FIXED OR ROLLING LOOK–BACK PERIOD
{¶ 32} The mineral holders argue that the trial court erroneously utilized a rolling look-back period. That is, the trial court proceeded under the premise that the 1989 DMA applies for all years until the current DMA was enacted on June 30, 2006 and that any day until then can be used to commence the twenty-year look-back period. The trial court looked back twenty years from June 30, 2006 and found no savings events. The mineral holders urge that the look-back is fixed at twenty years from the March 22, 1989 date of enactment (with a grace period giving three extra years to perform a savings event if one did not exist in the pertinent time frame). As this mineral reservation was first created by a 1980 deed, there would be no abandonment under the 1989 DMA if a fixed look-back period is employed.

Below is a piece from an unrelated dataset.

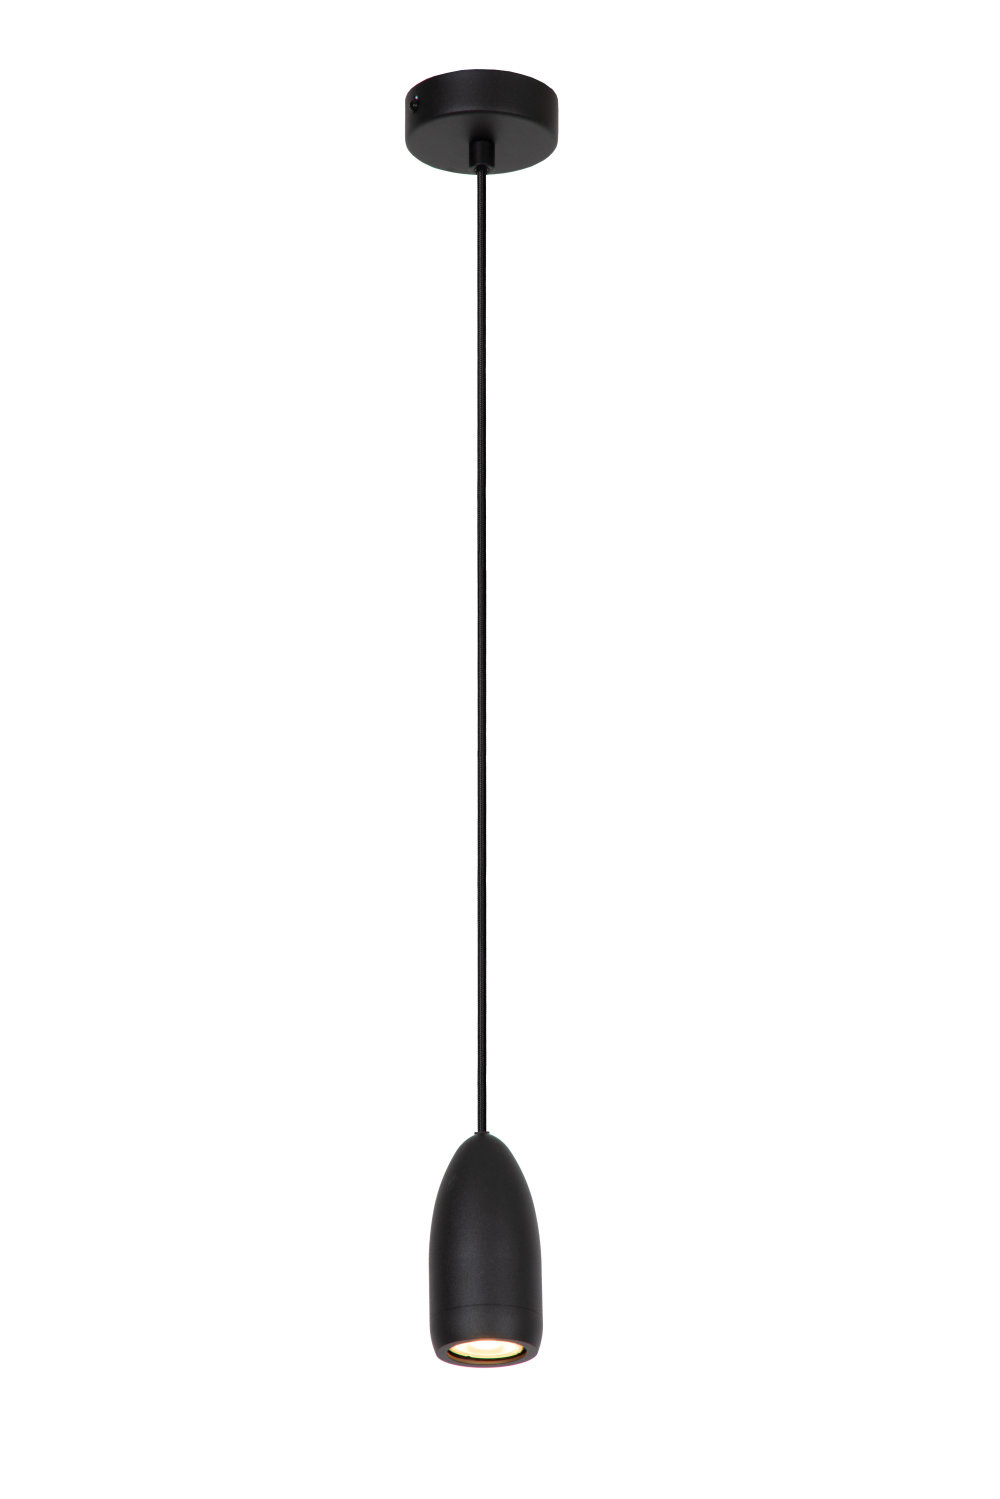 Aanbieding Lucide EVORA - Hanglamp - Ø 10 cm - 1xGU10 - Zwart - ean 5411212452504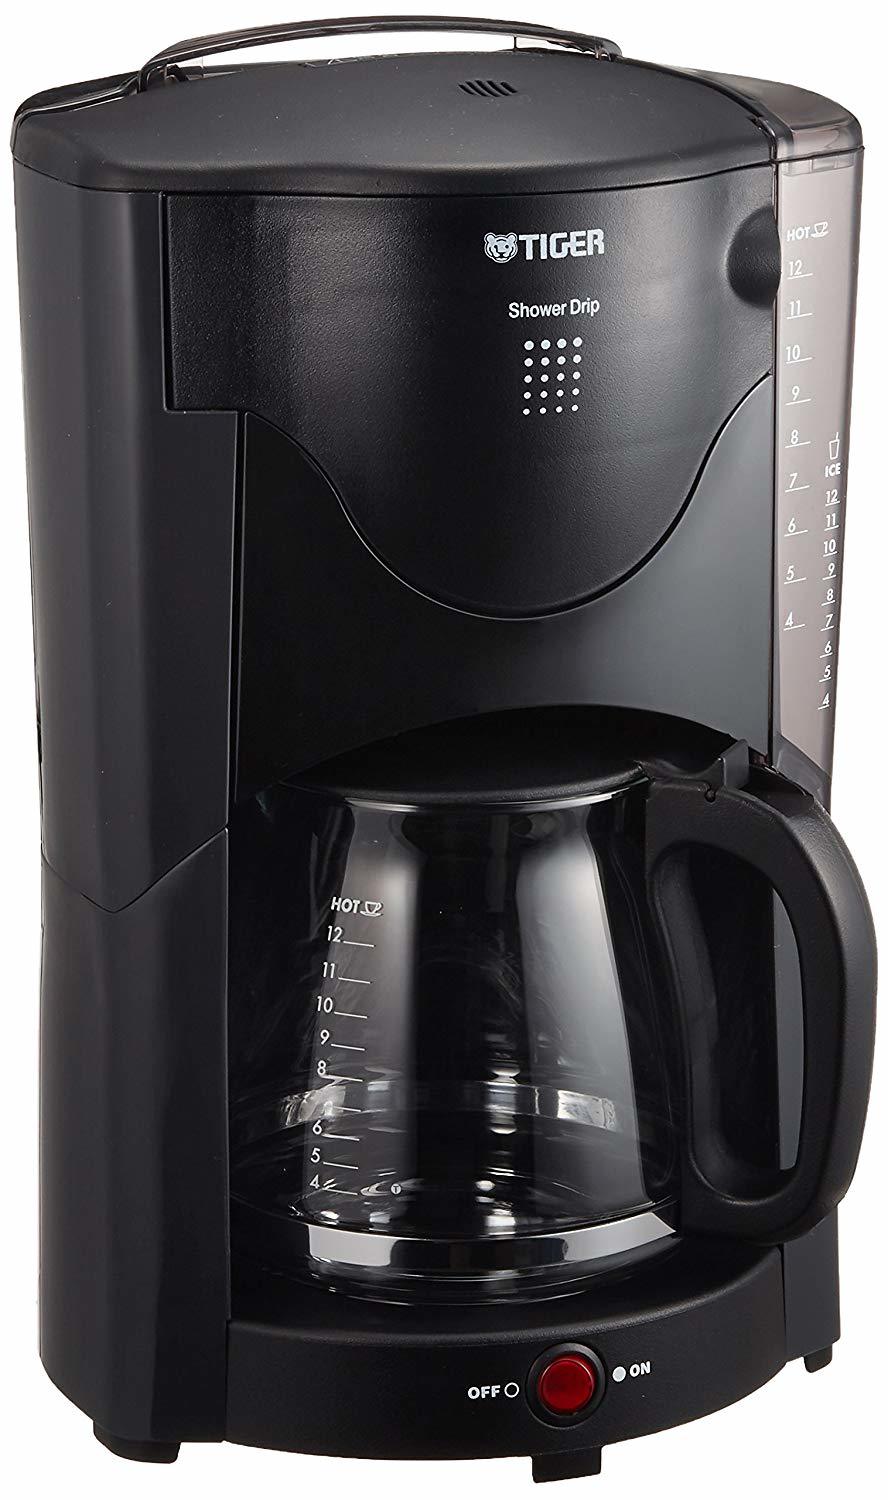 タイガー コーヒーメーカー 12杯用 シャワードリップ方式 アーバングレー ACJ-B120-HU Tiger ネットショップMR

{¶ 33} As the mineral holders point out, the 1989 DMA states that there must be a savings event “within the preceding twenty years” without immediately specifying within the preceding twenty years of what. They point out that various trial courts and the Fifth District have looked back twenty years from the date of enactment. See, e.g., Riddel v. Layman, 5th Dist. No. 94CA114, 1995 WL 498812 (July 10, 1995) (“Finally, the title transaction must have occurred within the preceding twenty years from the enactment of the statute, which occurred on March 22, 1989. Appellee Layman recorded the deed on June 12, 1973, well within the preceding twenty years from the date the statute was enacted.”).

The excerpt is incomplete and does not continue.